*** Data to process ***

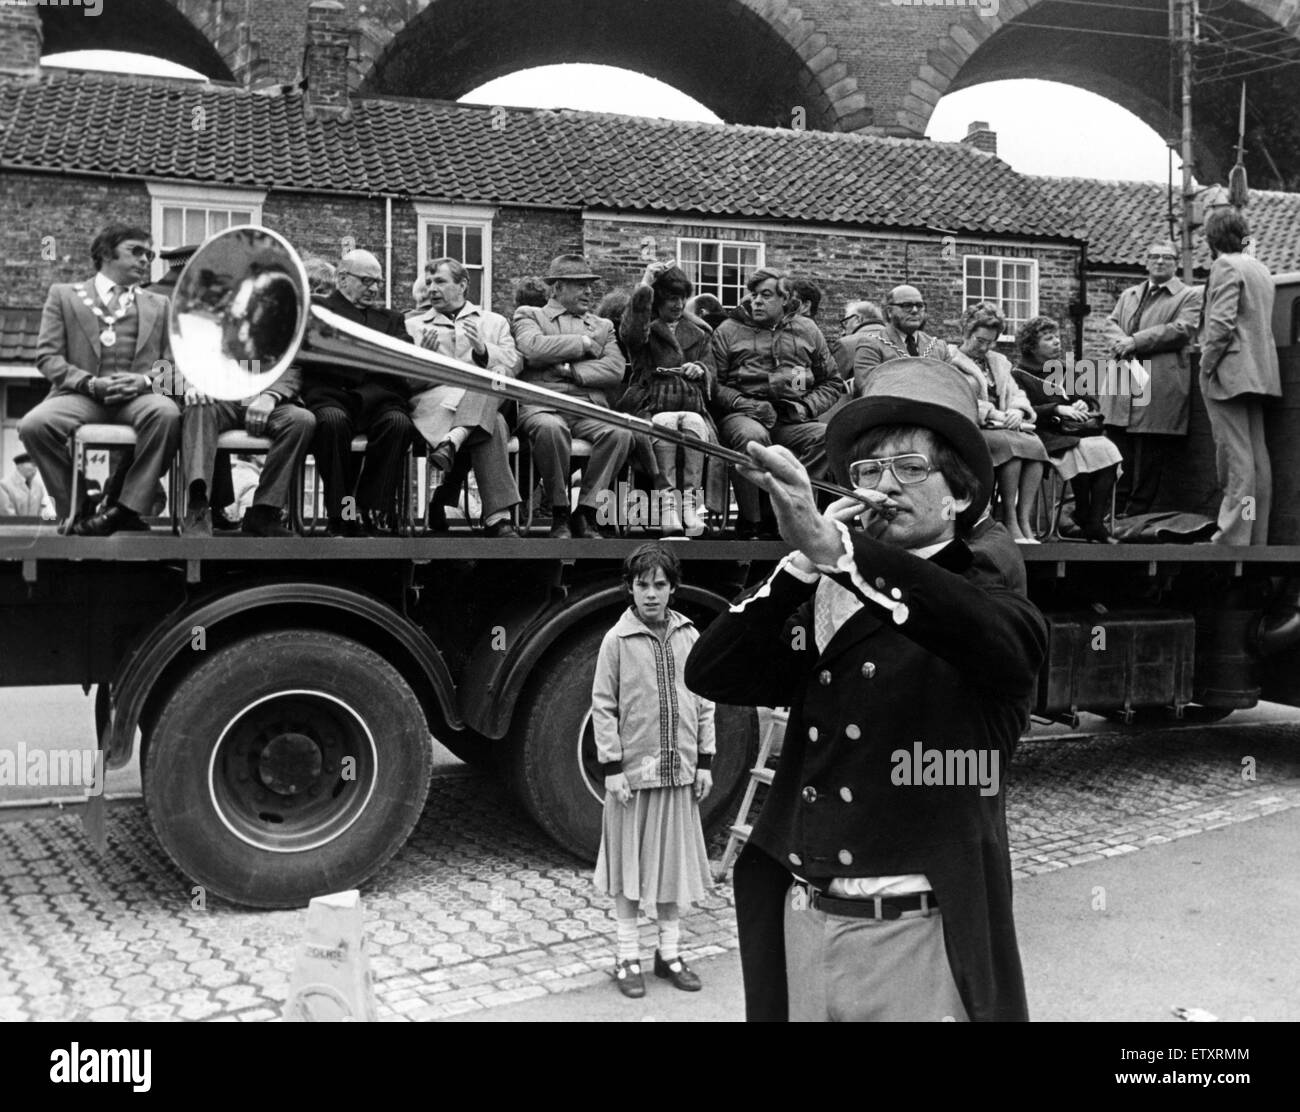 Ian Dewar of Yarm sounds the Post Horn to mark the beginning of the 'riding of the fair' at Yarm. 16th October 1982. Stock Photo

*** End of Data to process ***
*** Data to process ***

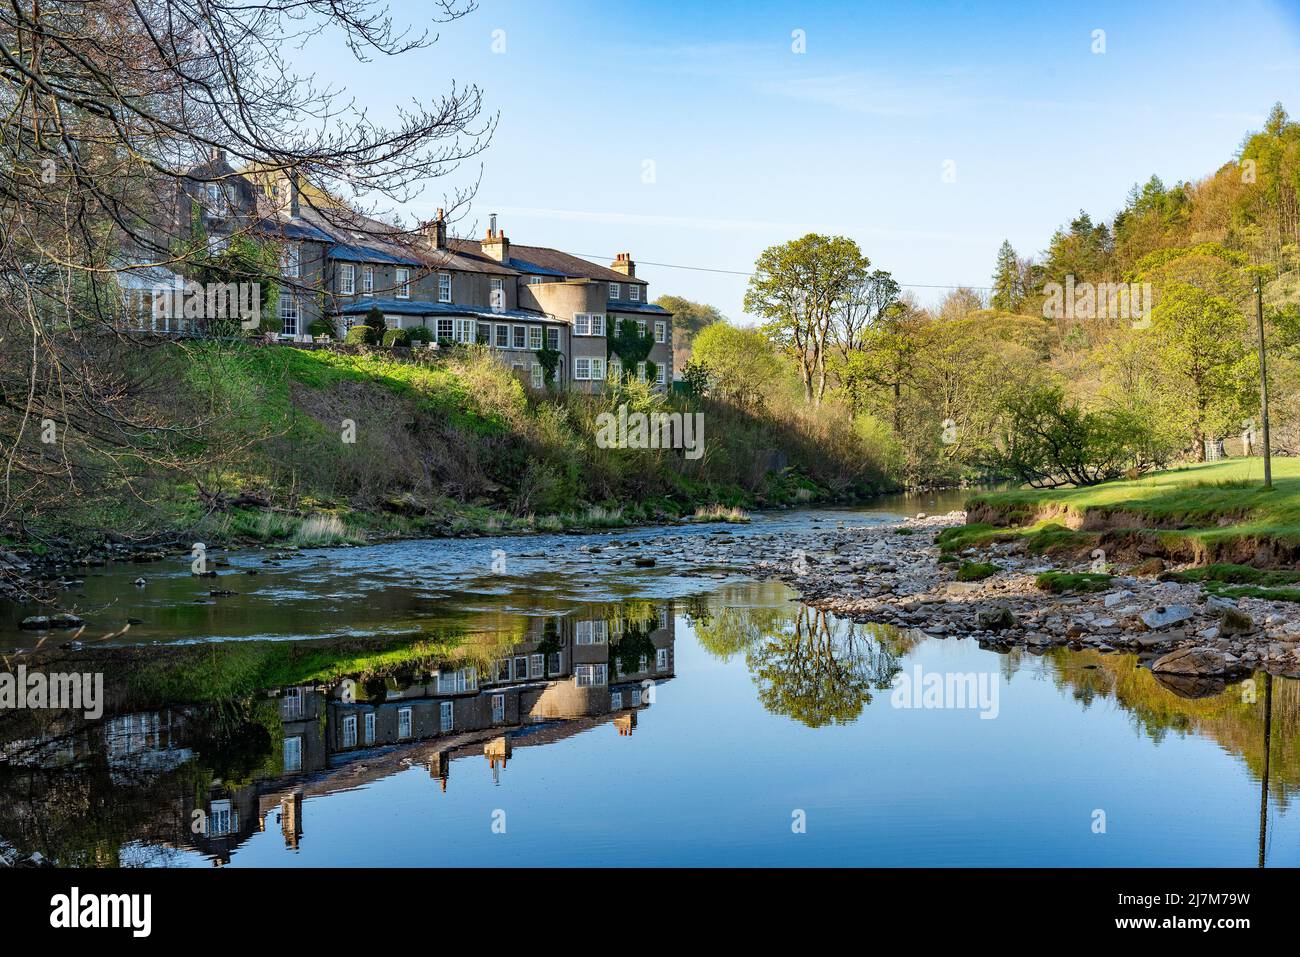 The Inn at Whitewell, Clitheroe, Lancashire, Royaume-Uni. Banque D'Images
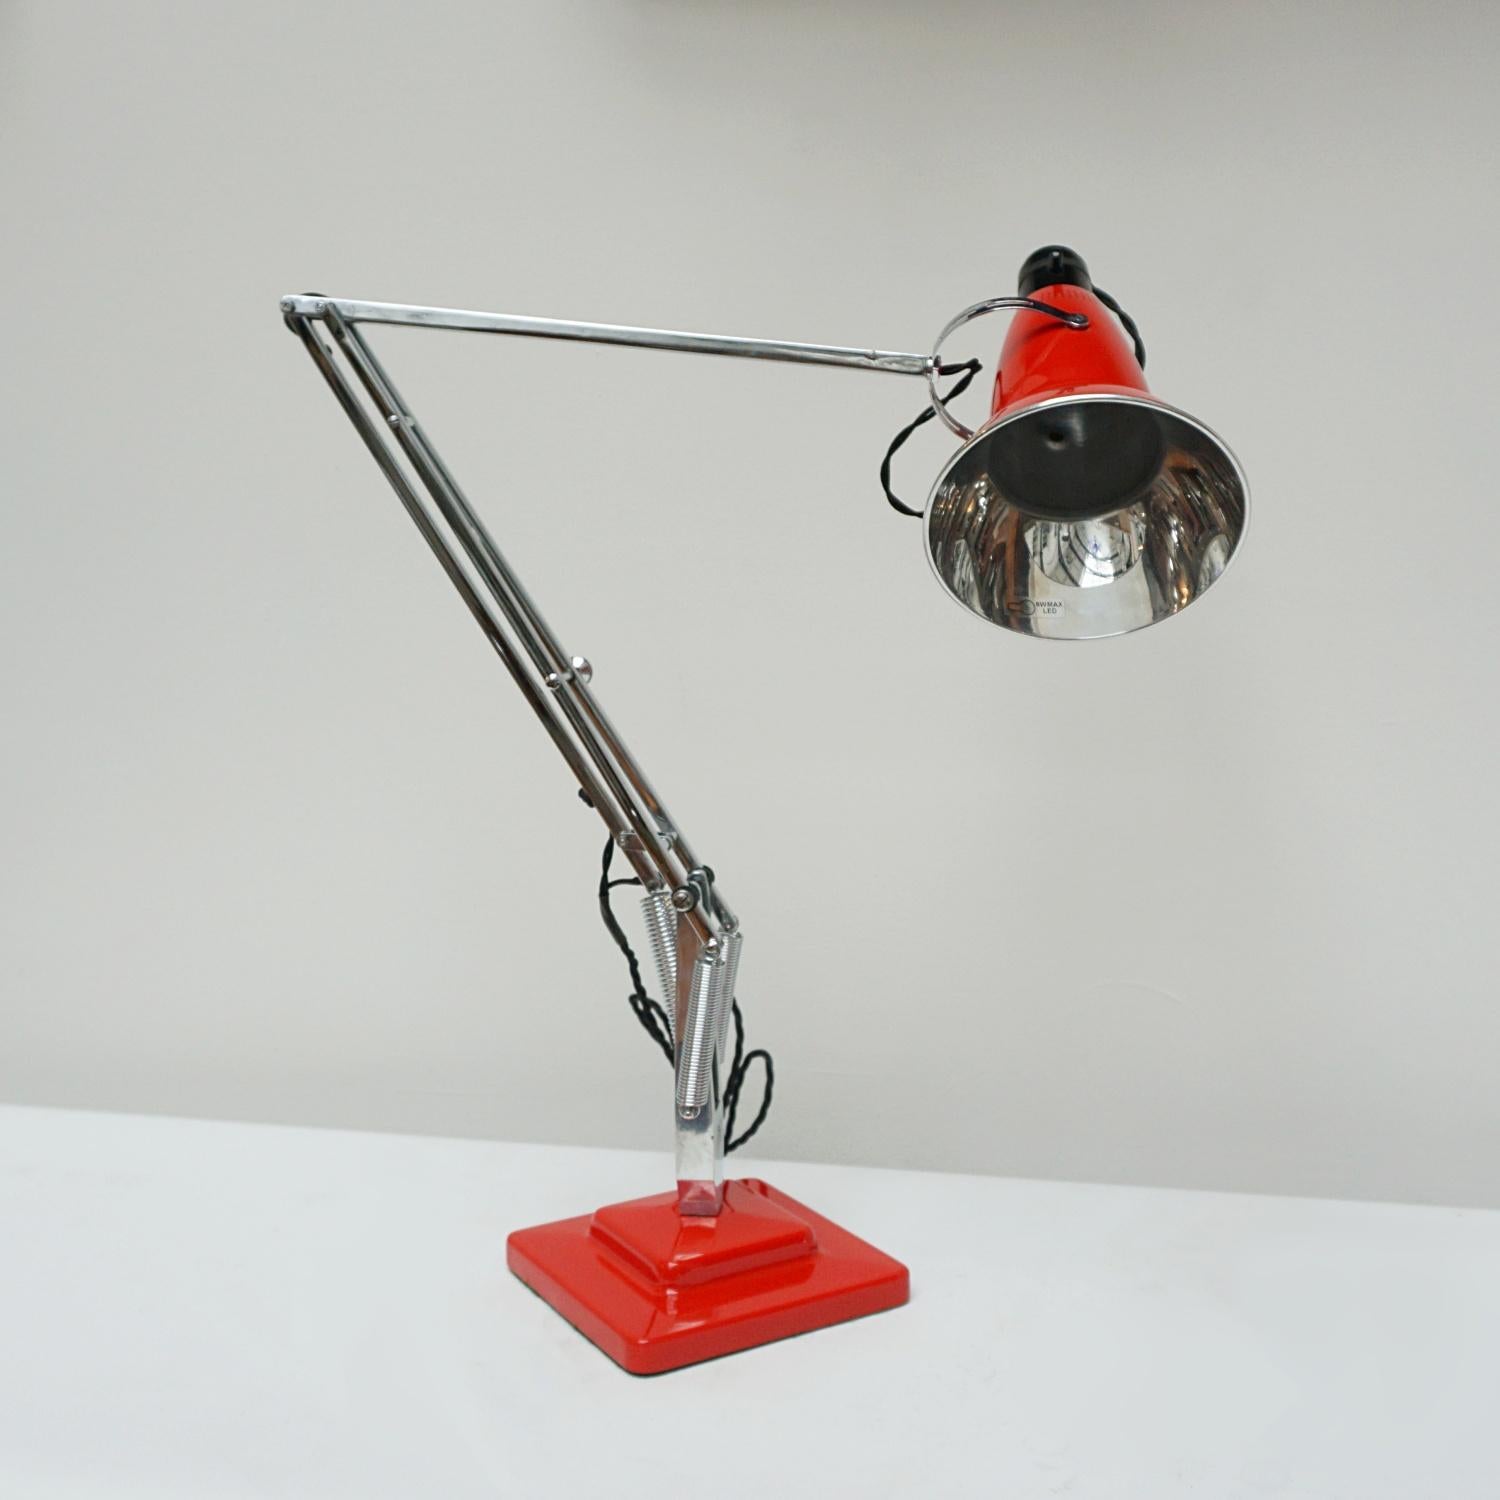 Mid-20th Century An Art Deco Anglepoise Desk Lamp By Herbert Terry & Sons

*** End of Data to process ***
*** Data to process ***

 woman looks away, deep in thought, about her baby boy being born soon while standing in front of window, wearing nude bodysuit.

*** End of Data to process ***

## Exercise directions
What is needed is an exact copy of only the lines above from the one with "The Inn at Whitewell, Clitheroe, Lancashire, Royaume-Uni." to the one with "Mid-20th Century An", both kept, with every picture left out.

## Result
 The Inn at Whitewell, Clitheroe, Lancashire, Royaume-Uni. Banque D'Images
 Mid-20th Century An Art Deco Anglepoise Desk Lamp By Herbert Terry & Sons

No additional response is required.